Learning a new programming language is about developing a new mental model. It can be challenging to develop this new mental model when the language differs significantly from those you're familiar with. For instance, coming from Go, C might seem easier to reason about initially. However, C presents its own set of challenges and concepts that require careful consideration.
One of the most interesting aspects of C is its close relationship with the hardware, concepts like manual memory management, pointers, and direct manipulation of memory addresses offer a level of control that's both powerful and potentially daunting. These features, while they maybe complex, provide a unique window into how computers actually work at a fundamental level. In fact, while working with C on Linux, most of the essentials for writing, compiling, and executing programs are already available out of the box.
First Principles ?
When learning a new programming language, I find it valuable to approach it through first principles. This method allows me to reason about the language more effectively and develop a new mental model that can adapt to the language's unique syntax and concepts. Let's examine some of the six(6) fundamentals that guide my thought process:
- Data representation and transformation: Understanding how to manipulate data at its most basic level, including operations like byte manipulation, base64 representation, encoding, and decoding. Example of questions we may ask ourselves is: how do i represent money value or how do i transform this data into something else (something smaller like compression)
- Persist & Read Data (filesystem): Grasping methods for storing and retrieving data, including file operations (write, read) & system calls.
- Data Transport (socket): Comprehending how to move raw data between systems over networks, focusing on socket programming, data reception, and read/write operations.
- Organize data (data structures ): Mastering essential structures such as queues, stacks, binary heaps, and tries e.t.c, which form the building blocks of efficient algorithms and programs.
- Computer data (algorithms): Exploring various algorithms and methods to process and analyze data effectively e.g sorting e.t.c.
- Managing & execute tasks (concurrency and parallelism): Understanding threads and futures to leverage multi-core processors and manage asynchronous operations efficiently.
First principles flowchart:
First principles flowchart
If you dig deeper, these are the basic building blocks of most programming languages, and mastering them is your first step towards understanding the language.

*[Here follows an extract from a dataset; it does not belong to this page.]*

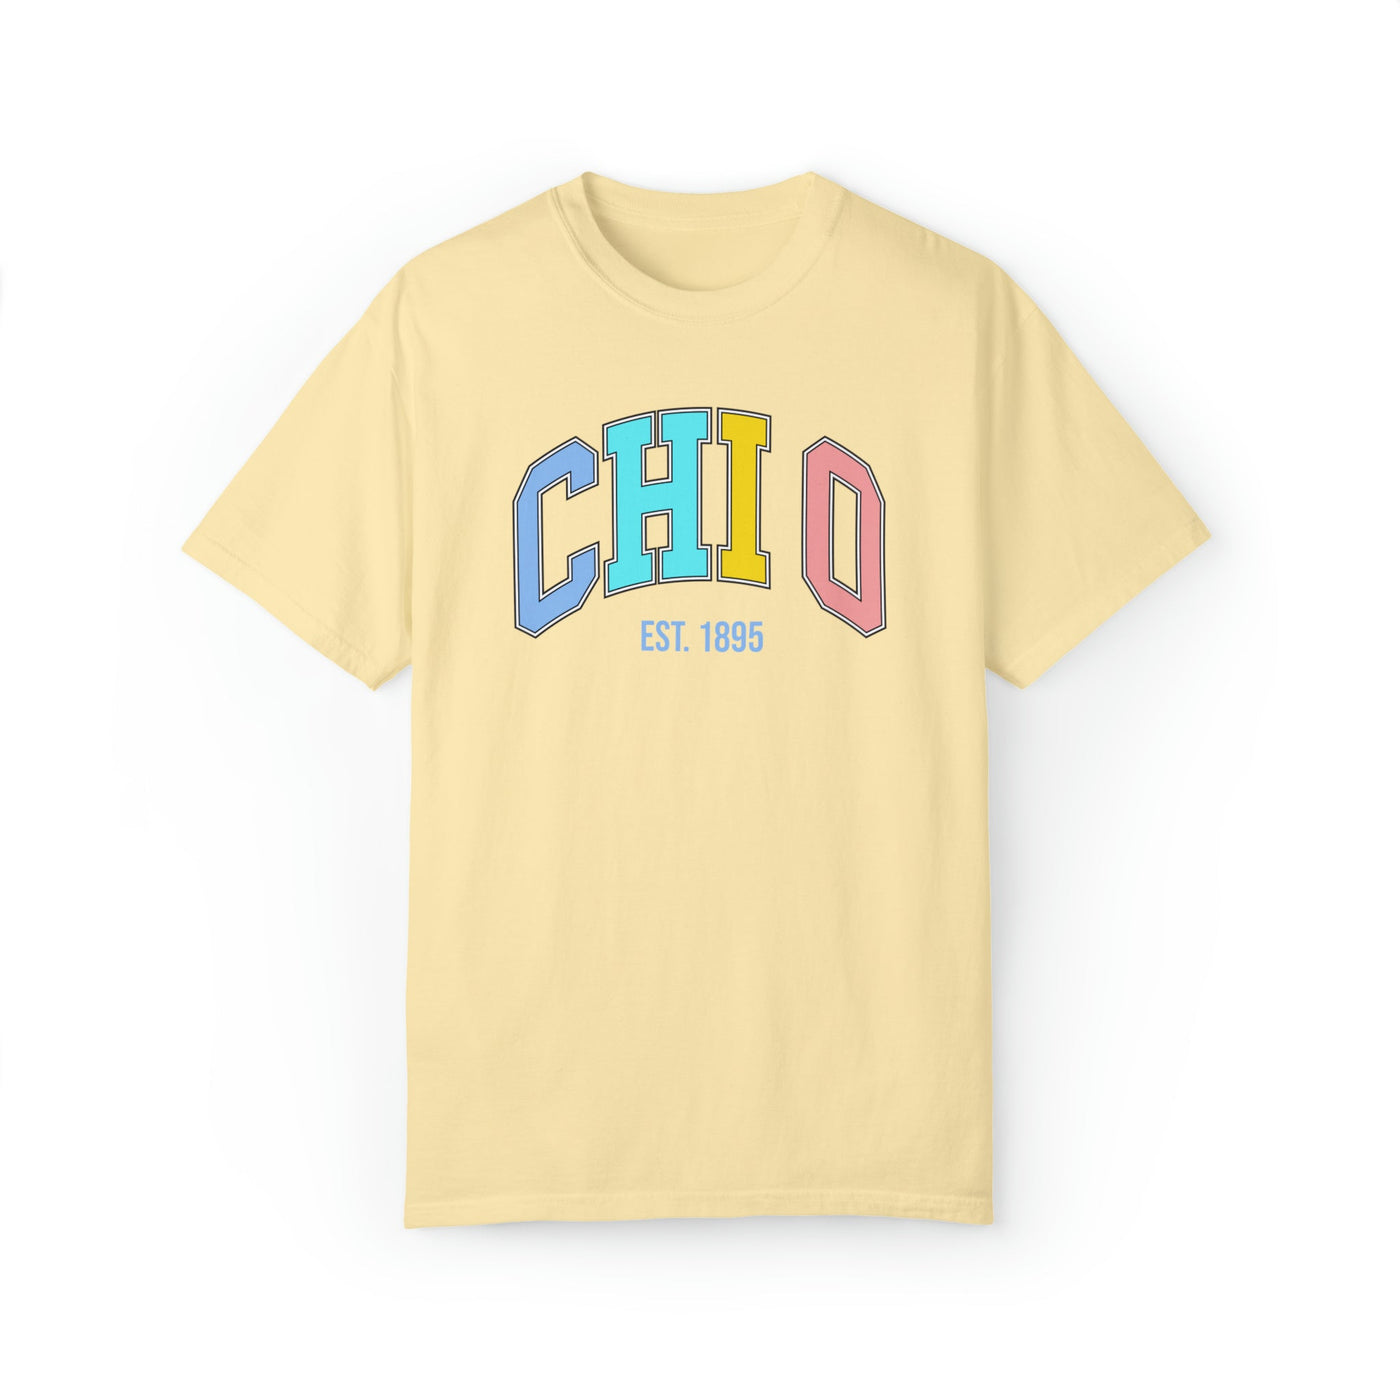 Chi Omega Pastel Varsity Sorority T-shirt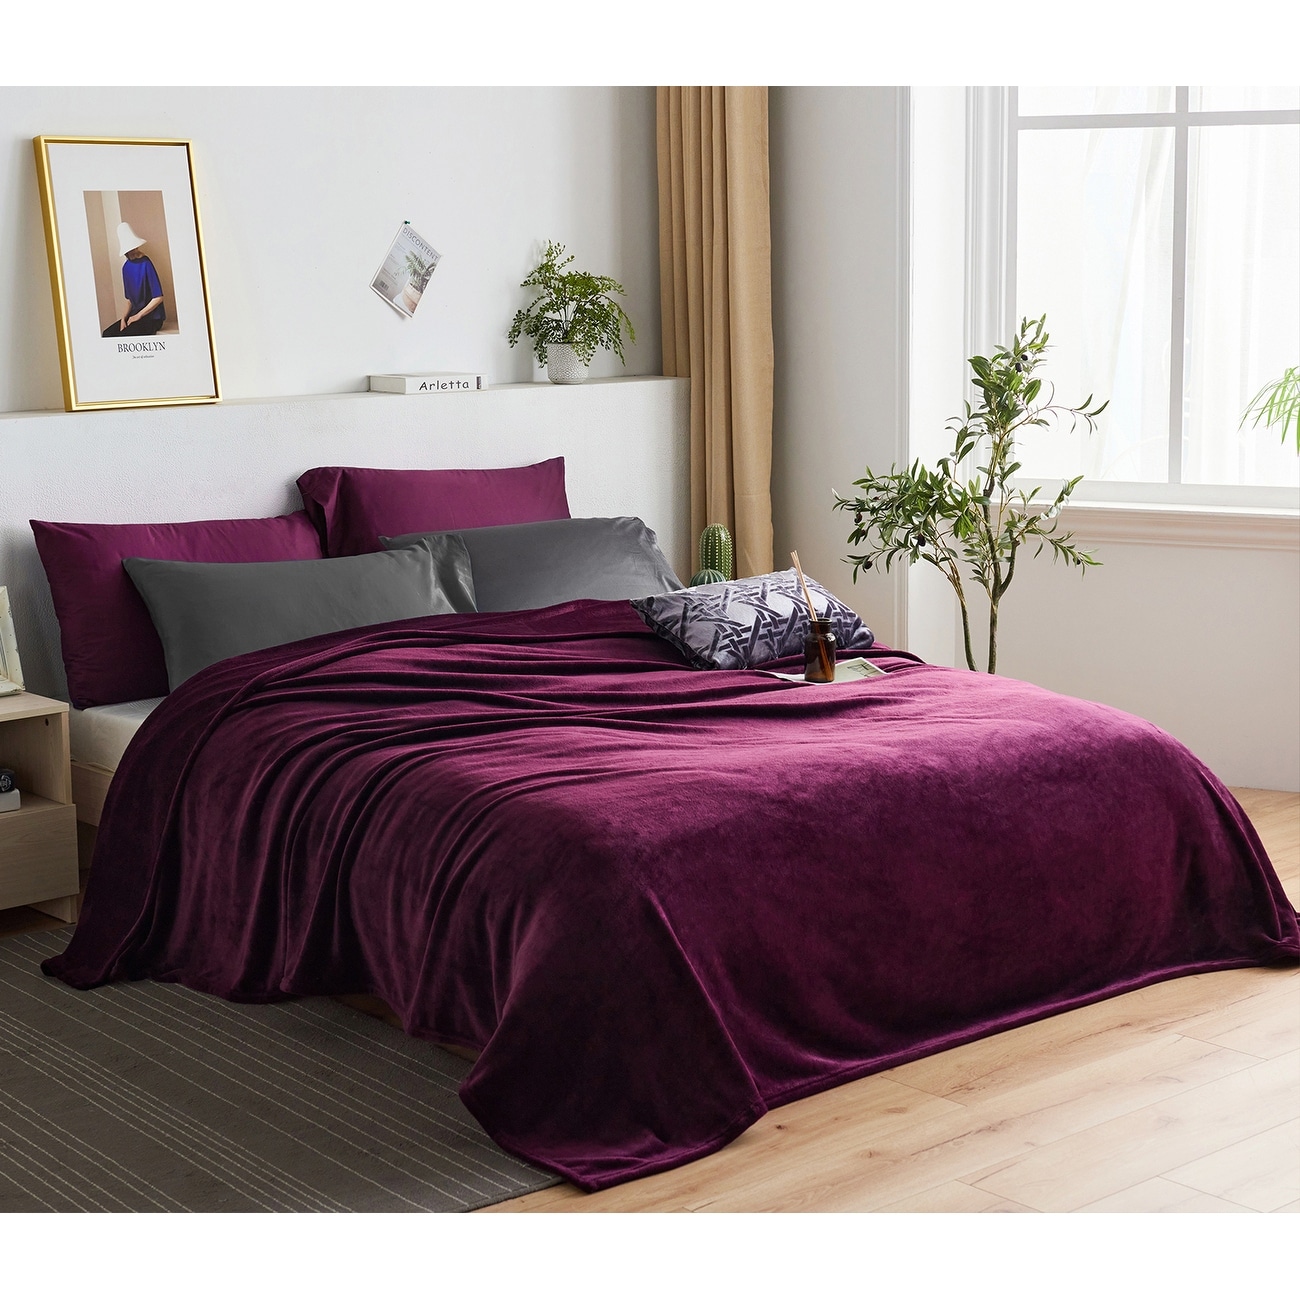 Warm Plush Velvet Throw Blanket Super Soft Mat Home Bedding Twin Queen King Size

In fact, you can quickly get your hands dirty by focusing deeply on just these fundamentals, iterating and experimenting until the syntax and language paradigms stick and you can use them effortlessly. The rest you can always Google as needed. In this article , I am going to explore a part of these principles with more focus on the language syntax.
What is C?
C is a system programming language designed for building low-level programs. It's used for developing kernels, networking tools (like TCP implementations and sockets), and both single-threaded and multi-threaded programs, among many other applications (redis, nginx , linux kernel etc)
Getting started:
before we begin, every c file starts with main
. This is the entry point of our program and in order to use functions from C's standard libraries (or other libraries), we need to include them at the beginning of our program. This is done using the #include
directive.
#include <stdio.h> // Include the standard input/output library
/**
* @brief The main function - entry point of the program
* @return 0 on successful execution
*/
int main() {
// Your code goes here
return 0; // Indicate successful program execution
}
Data Types:
Data types form the foundation upon which everything in programming is built, from char
, int
, and float
to double
and boolean
. Every programming language relies on these fundamental data types. By defining a data type, we're essentially telling the compiler, "Hey, I'm trying to store this specific type of data and nothing else."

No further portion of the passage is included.